Analysis of Potential Fusion Proteins for Outer Membrane Vesicle-Based Lyme Disease Vaccine

Lyme disease, a vector-borne disease commonly spread to humans via tick bite, has been a prevalent and growing public health concern not only in the New York area but across the United States. Primarily caused by the bacteria Borrelia Burgdorferi (Bb), this disease is often difficult to diagnose correctly and if left to progress can cause severe chronic symptoms. The development of a vaccine for Lyme disease would be an ideal solution to this concern as it will stop the disease at its root. Our lab has been focusing on utilizing outer membrane vesicles (OMVs) as a platform for a Lyme disease vaccine. OMVs are nanoparticles produced by gram-negative bacteria that can be engineered to express foreign proteins on their surface. While they resemble bacteria, they should not pose a genuine threat to the body as they are not living and as such non-infectious, making them a promising delivery mechanism for vaccination. Our research evaluated the expression of different fusion proteins on the outer surface of OMVs using antigenic (immune reactive) proteins from Bb and Cytolysin A (ClyA) as a fusion partner.

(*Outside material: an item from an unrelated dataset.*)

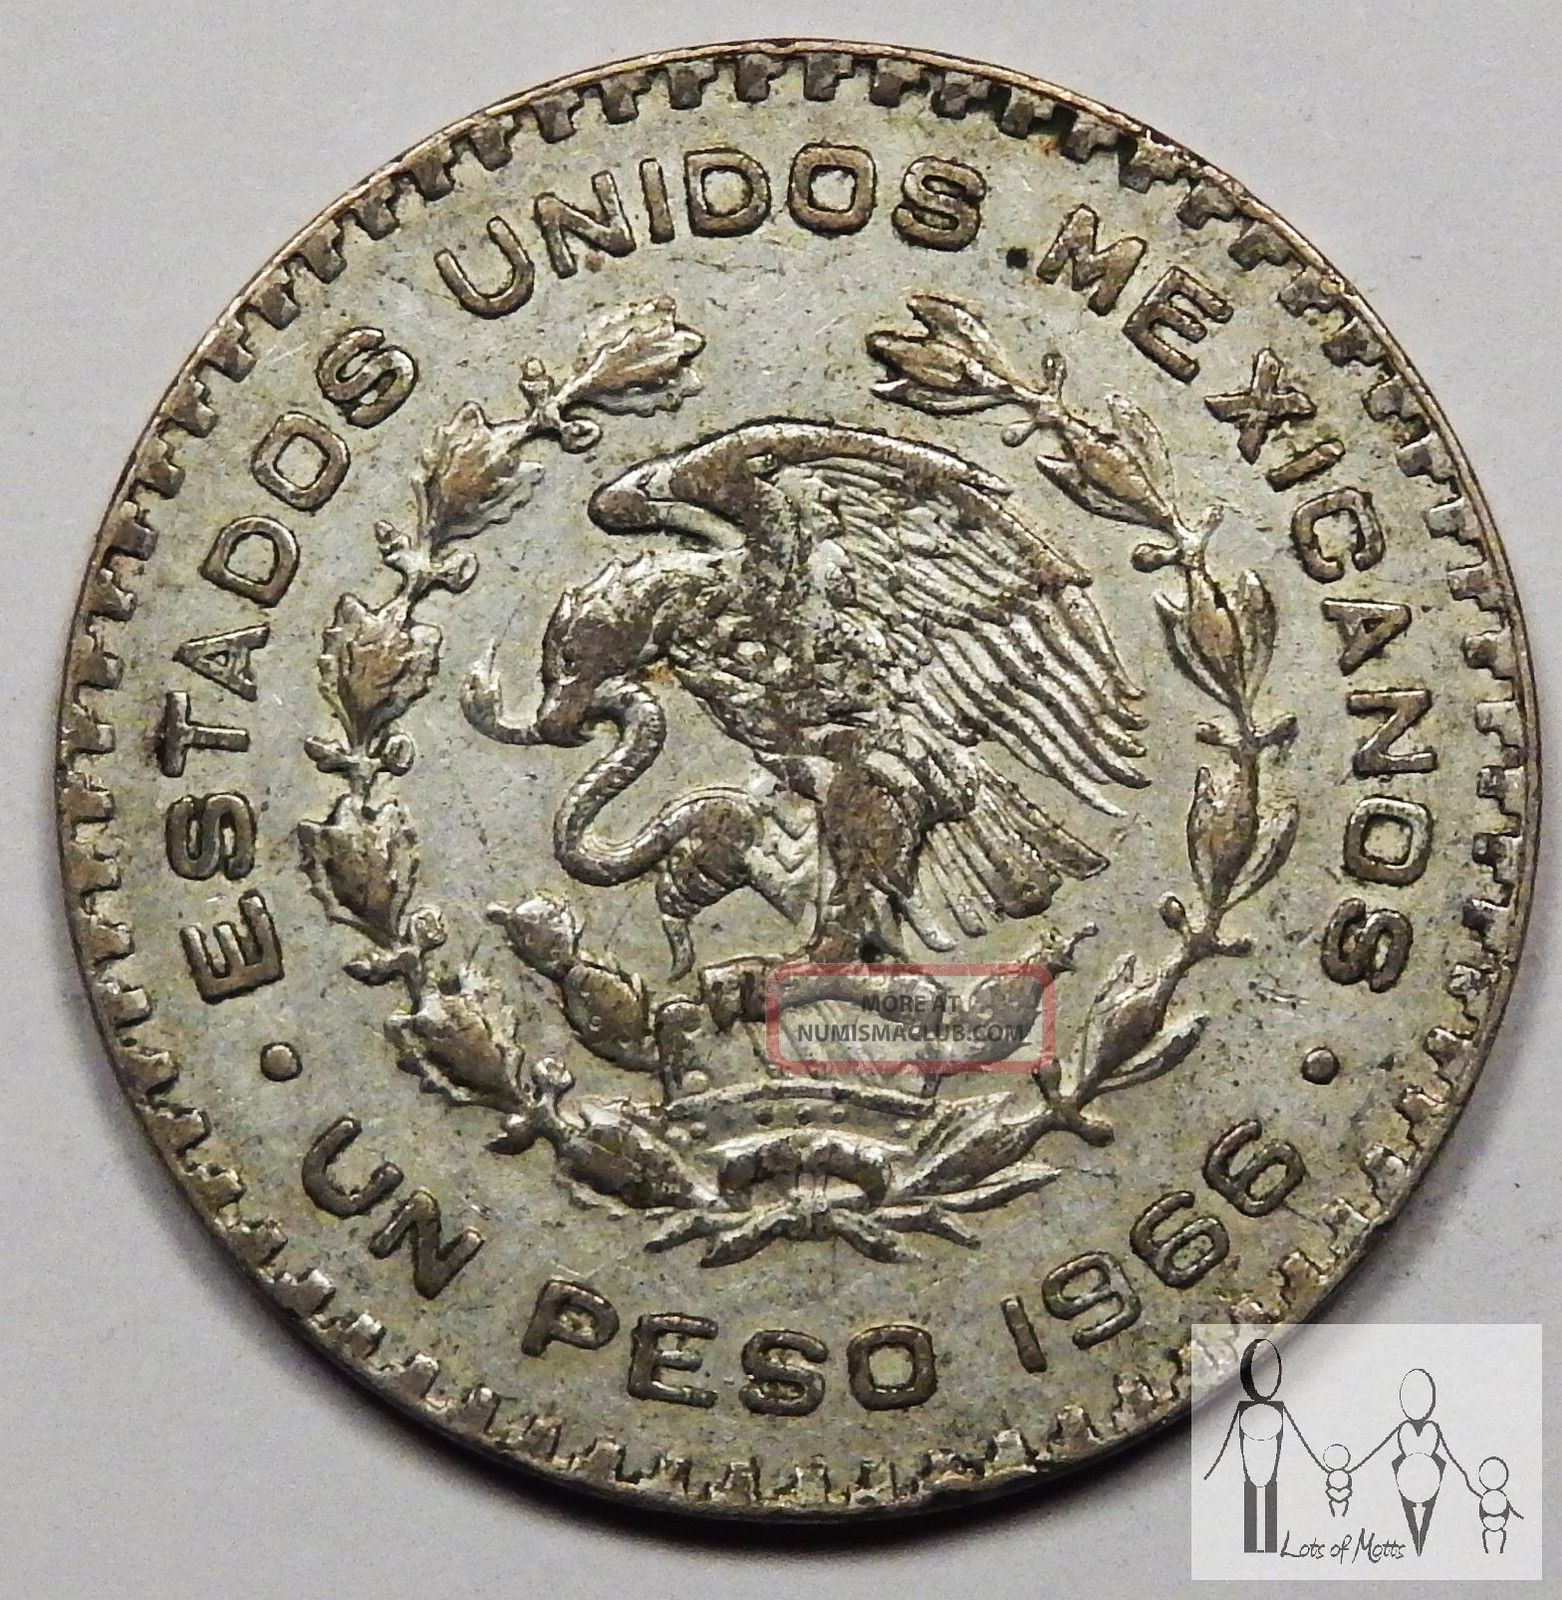 1966 un peso coin

The proteins tested from Bb were Outer surface protein A (OspA) and Decorin-binding protein A (DbpA), as well as immunogenic epitopes (a small part of a protein that is recognized by the immune system). OMVs were produced and characterized using many techniques, primarily western blot analysis, dynamic light scattering, and protease accessibility assay. Studies suggest that all tested fusion proteins are effectively produced on the outer surface of the OMVs consistently. Further research will focus on ascertaining the protective immunogenic effect of these particles using an in vivo animal model.